MoS2/WO3 Nanosheets for Detection of Ammonia

This article demonstrates the use of a p-MoS2/n-WO3 heterojunctions based ultra sensitive and selective chemiresistive ammonia sensor that operates at 200 degrees C. Surprisingly, the composite based sensor exhibited significant enhancement in ammonia sensing as compared to MoS2 (p-type) and WO3 (n-type) counterparts. The device also displayed excellent response-recovery features over a wider range of ammonia concentration together with superior selective nature toward ammonia as compared acetone, ethanol, methanol, isopropanol, formaldehyde, benzene, and hydrogen sulfide. Empowered by better signal-to-noise ratio, ammonia detection down to 1 ppm has become possible and can be further improved with the use of serpentine type electrodes. The device has shown a relative response of 207% for 200 ppm of ammonia with response and recovery times of 80 and 70 s, respectively. Moreover, these experimental results were further supplemented by density functional theory (DFT) simulation that were used to understand the adsorption kinetics and the sensing mechanism.

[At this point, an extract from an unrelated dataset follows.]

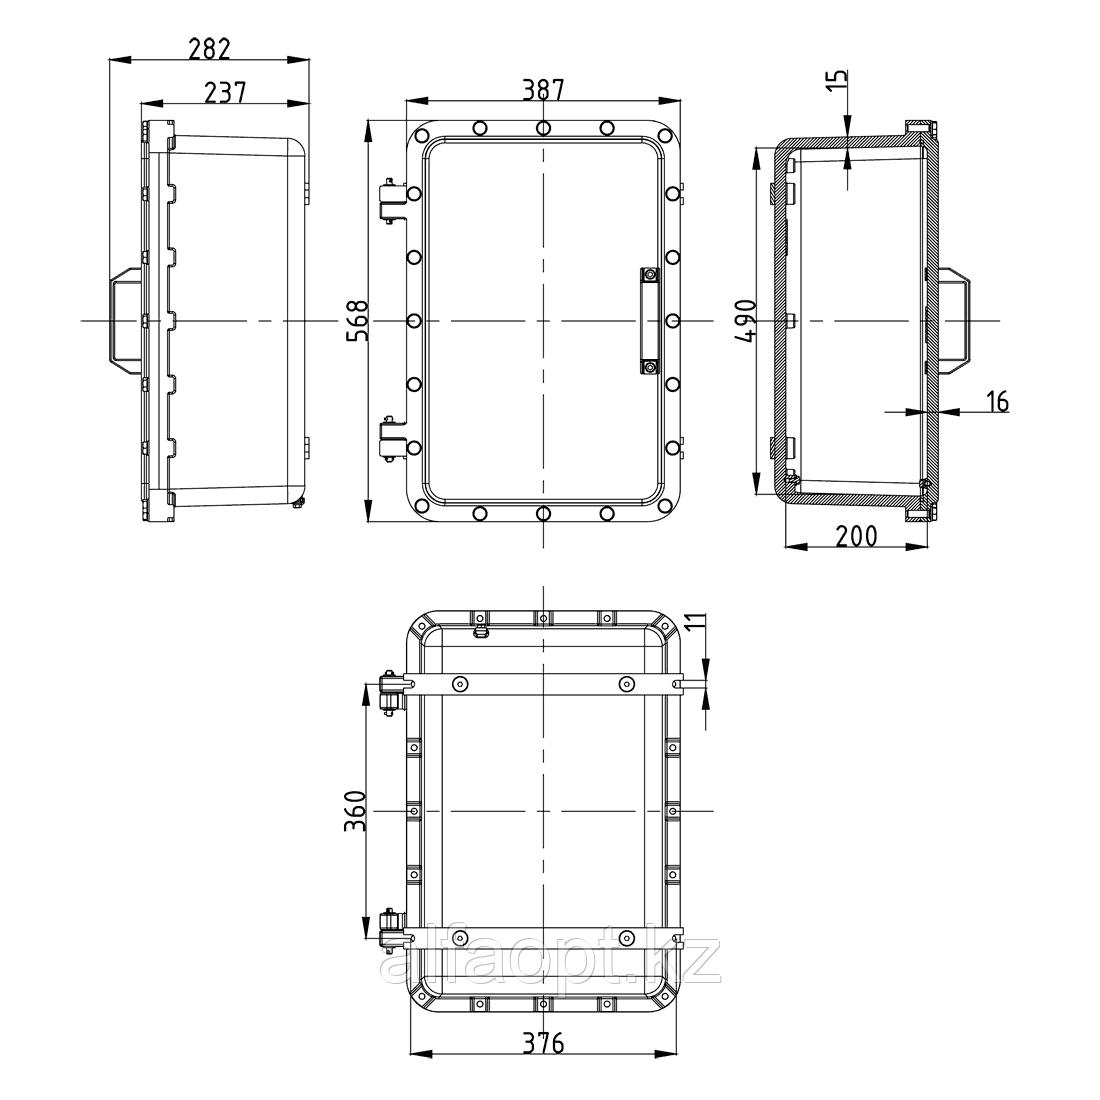 Взрывозащищенная коробка ЩОРВ-Н563823 (взрывонепроницаемая оболочка) из нержавеющей стали

A significant amount of charge transfer (0.082 e) between the adsorbed ammonia molecule and the MoS2/WO3 surface has been predicted by Bader analysis. Analysis also revealed a large negative adsorption energy approximate to 3.86 eV (373 kJ/mol) per ammonia molecule, implying the adsorption process to be chemisorption in nature. The band structure analysis further confirmed that ammonia adsorption on MoS2/WO3 is accompanied by an increase in band gap (by approximate to 96 meV). The present work illustrates the potential use of composite based heterostructures for monitoring ammonia gas in real fields.

Automated summary

This article presents a highly sensitive and selective chemiresistive ammonia sensor based on a p-MoS2/n-WO3 heterojunction, showing enhanced performance compared to individual MoS2 and WO3 sensors. The device demonstrates excellent response-recovery features and selectivity towards ammonia, with the capability to detect ammonia down to 1 ppm. The experimental results are further supported by density functional theory (DFT) simulation to understand the sensing mechanism and charge transfer dynamics.